“Technical analysis” sounds scary for an incoming newbie to the investing world. It seems like something that only financial professionals do on a chaotic trading floor.
Technical analysis is nothing to be afraid to learn. In fact, it’s an essential tool for all types of financial markets, even if you’re just a mom and pop investor.
It refers to reading price charts for specific technical indicators. You can use these indicators to determine what Bitcoin’s price is doing right now, what it’s done in the past, and what it might be doing in the future.
The most common form of technical analysis is learning how to read price in the form of a candlestick chart. We’re going to find out what candlestick charts are, how to read them, and what you should be looking for to identify your next Bitcoin trading opportunity in seven easy steps.
1. Recognize Candlestick Charts
Also called a Japanese candlestick chart, candlestick charts were developed in the 1700s to track the price of rice in Japan. They consist of a series of small bars with lines at either end, looking vaguely like a candlestick with wicks at the top and bottom.
There are five main pieces of information in each candlestick, making them incredibly dense sources of cryptocurrency data. The lines at the top and bottom – aka “wicks” – represent the high and low prices for the day. The fat or graph-looking part of the candle (aka the body) represents the opening and closing price for the day on a given exchange. Finally, whether the candle is open or closed – or colored green or red – indicates whether the price direction that day went up or down.
In other words, an open or green candle indicates that the price rose during the day, and you can expect to find the closing prices at the top and the opening prices at the bottom of the body. A red candle or closed candle indicates that the price fell during the day, and you can expect to find the closing prices at the bottom of the body and the opening prices on the top. The lines or “wicks” always show the high price on top and the closing price at the bottom.
A great tool for reading different price charts is Coinigy. You can view candlestick charts on virtually any time frame that you need.
2. Dig a Little Deeper
In addition to the information contained in each individual candle or body, the chart will show the general direction of the market by placing each candle in a line. This is a little easier to read – if the line goes up, the price is going up. If the line goes down, the price is going down. There’s a bit more to it of course, but that’s a general principle.
The length of the entire candlesticks (wick and body) itself contains useful information. If it’s short, that means price didn’t move much beyond the day’s opening price. This means that there was a narrow range in price movement. The opposite is true if the candlestick is long. A long candlestick represents volatile price movement. These variations in the wick and candle body length create indicators that can be divided into two primary categories – bullish and bearish.

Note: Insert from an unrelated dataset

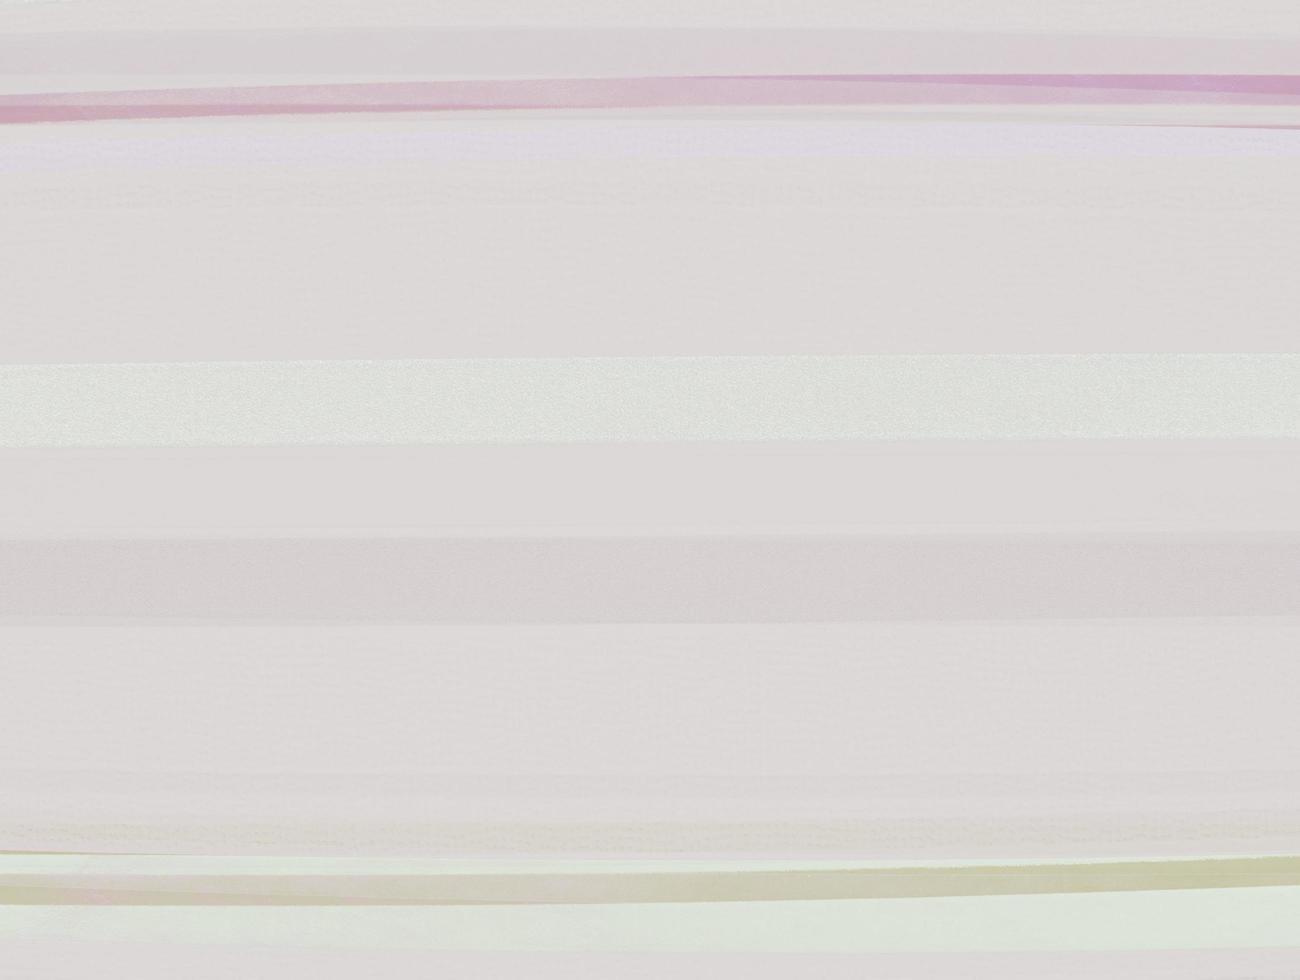 abstrakta linjer på en vägg foto

3. Types of Candlestick Patterns
There are many different characteristics of candlesticks that can be both bullish and bearish. Knowing how to read these patterns in price can help you quickly find trends.
Engulfing pattern. This is a candle with a small body followed immediately after by a candle with a body that is larger on both ends of the spectrum from the previous day. You can see a bullish and bearish engulfing pattern.
Inverted hammer. The candle looks like an upside-down hammer, with a short, fat body and a long wick on top. This means that while price did reach highs during the day, sellers eventually pushed the price down into the close of the candlestick. This can be seen as bearish.
The hammer. It consists of a short, fat body on top with a long shadow underneath, looking much like a cartoon hammer. It is exactly the opposite of the inverted hammer. It signifies an opening and closing price that were relatively close together with a long drop in the price during the day. It’s usually a bullish signal as buyers are pushing the price higher into the close of the candlestick. This can be seen as bullish.
4. Consider the Chart as a Whole
Don’t get lost in the individual candlesticks, even once you’ve identified a clear bull or bear run. Take a wider view by looking at the price chart over a longer period of time. Cryptocurrencies, like all markets, have short-, medium-, and long-term aspects. Is your bull run just a blip in a much more significant downward trend? Could the bear run you confirmed be a short-term reaction to some bad news in an overall growing market? The big picture is important.
5. Learn as Much as You Can
We’ve just scratched the surface of the hundreds of technical analysis tools available. Remember, some folks hold advanced degrees in this kind of information. The casual investor probably doesn’t need that depth of knowledge, but it always pays to learn as much as you can. Frequent technical analysis sites and gain a stockpile of tips and tricks to use in your trading.
Technical analysis is a useful skill for identifying Bitcoin price movements. The mass of charts and graphs might seem confusing at first, but patterns will eventually become apparent. By mastering these patterns, you’ll gain an edge over less sophisticated investors and take your Bitcoin trading to a new level.